Slab Contrasted Agky 3 is a bold, very wide, medium contrast, upright, normal x-height font visually similar to 'Macahe' by Rômulo Gobira (names referenced only for comparison).
Keywords: posters, headlines, packaging, signage, logos, rugged, playful, retro, hand-hewn, sturdy, display impact, vintage flavor, handmade texture, attention grabbing, slab serif, faceted, chiseled, angular, inked.
A heavy slab-serif design with broad proportions and compact internal counters. Strokes feel cut or stamped rather than drawn: terminals and joins show faceted, slightly irregular angles, producing a subtly rough edge. Serifs are blocky and assertive, and the overall rhythm alternates between wide, open forms and tighter, compressed ones, giving the text line a lively, uneven texture. The figures echo the same chunky construction, with straightened curves and squared-off turns.

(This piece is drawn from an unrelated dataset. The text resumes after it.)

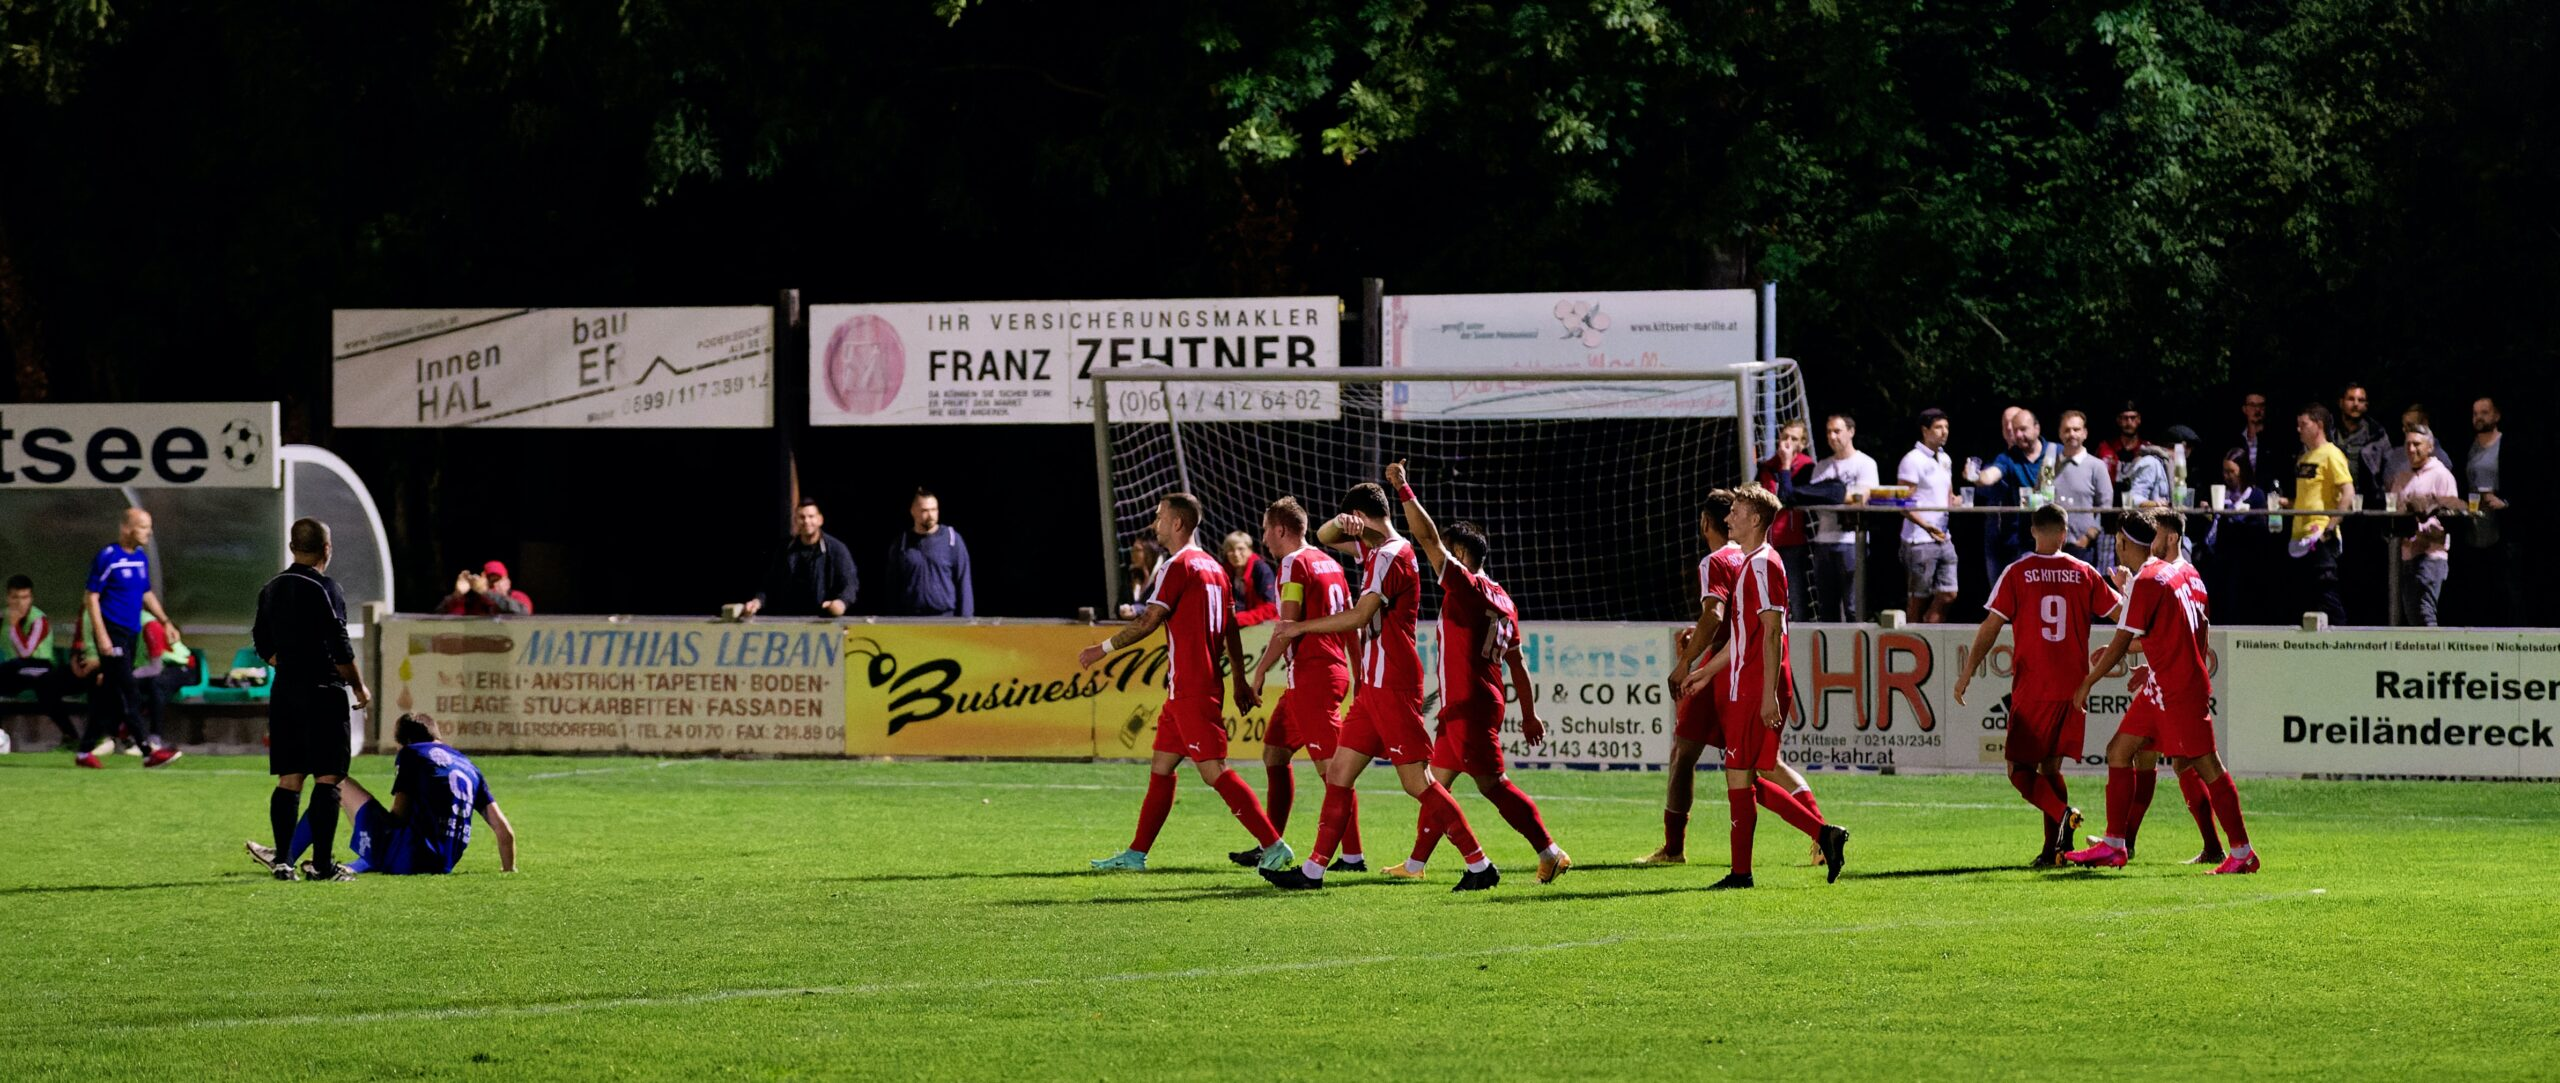 SC Kittsee celebrate Wisak goal

Best suited to display applications where its chunky slabs and angular texture can be appreciated—posters, headlines, packaging, signage, and logo wordmarks. It can also work for short bursts of text (pull quotes, labels, titles), but the strong shape language and lively rhythm are likely to dominate in long reading.

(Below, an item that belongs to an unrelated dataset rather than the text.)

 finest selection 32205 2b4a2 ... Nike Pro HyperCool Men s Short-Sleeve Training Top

The font conveys a rugged, handmade confidence—somewhere between old poster wood type and a playful, cartoonish stamp. Its chiseled corners and bouncy spacing add character and informality, making it feel energetic and a bit rebellious while still remaining sturdy and readable at display sizes.

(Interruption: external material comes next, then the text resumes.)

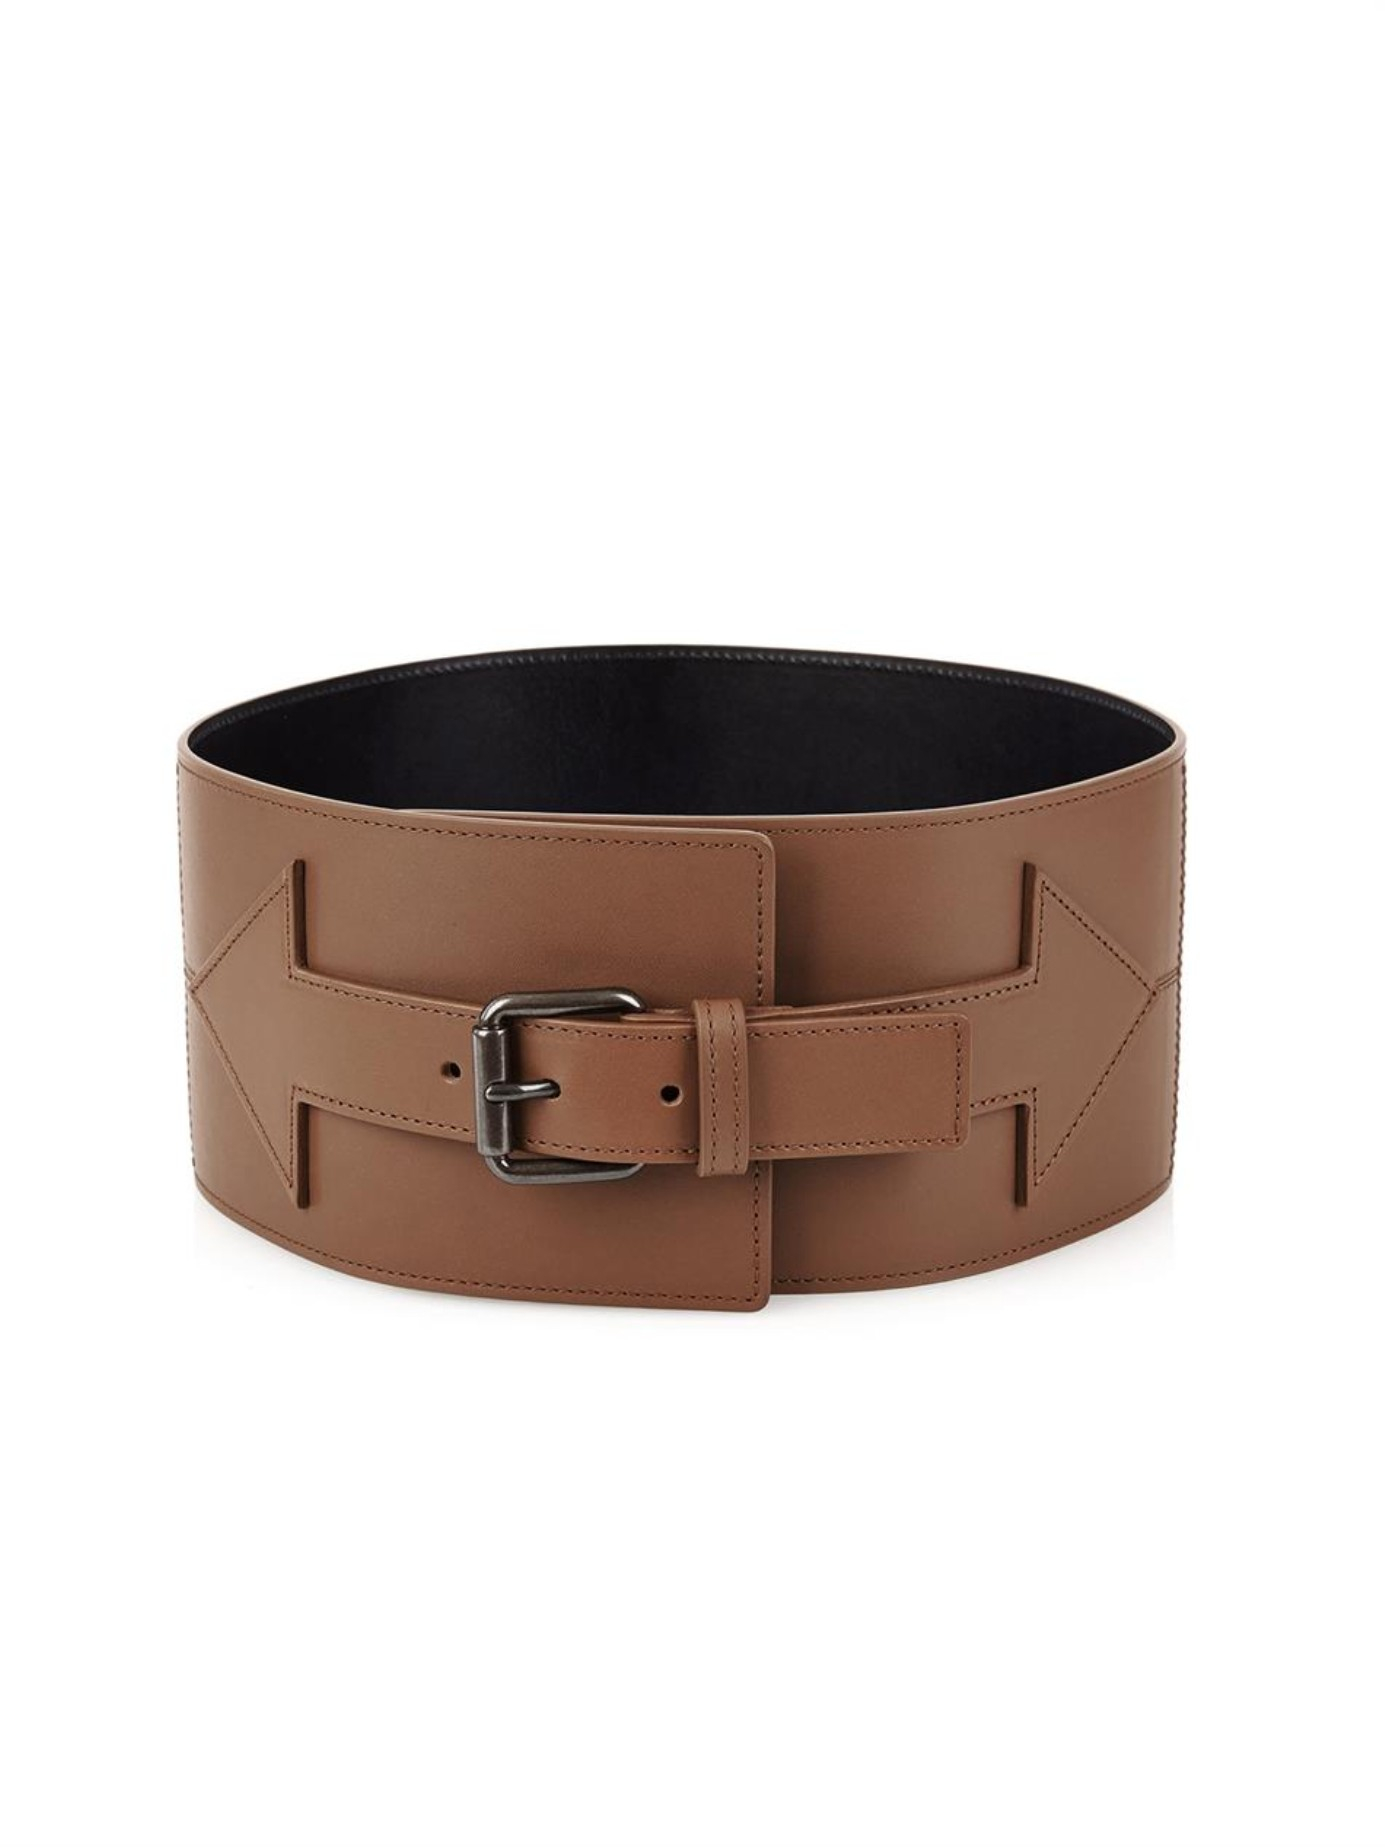 tomas maier arrow wide leather waist belt in brown lyst

The design appears intended to mimic the presence of vintage slab-serif display type while adding a hand-hewn, faceted finish for extra personality and punch. The goal seems to be high-impact legibility with a distinctive, crafted surface that stands out in branding and editorial titling.
In text, the face creates a strong color and a distinctive jagged sparkle along shoulders, bowls, and diagonals. The faceting is consistent across caps, lowercase, and numerals, helping the style read as intentional rather than distressed, while the pronounced slabs keep word shapes anchored and bold.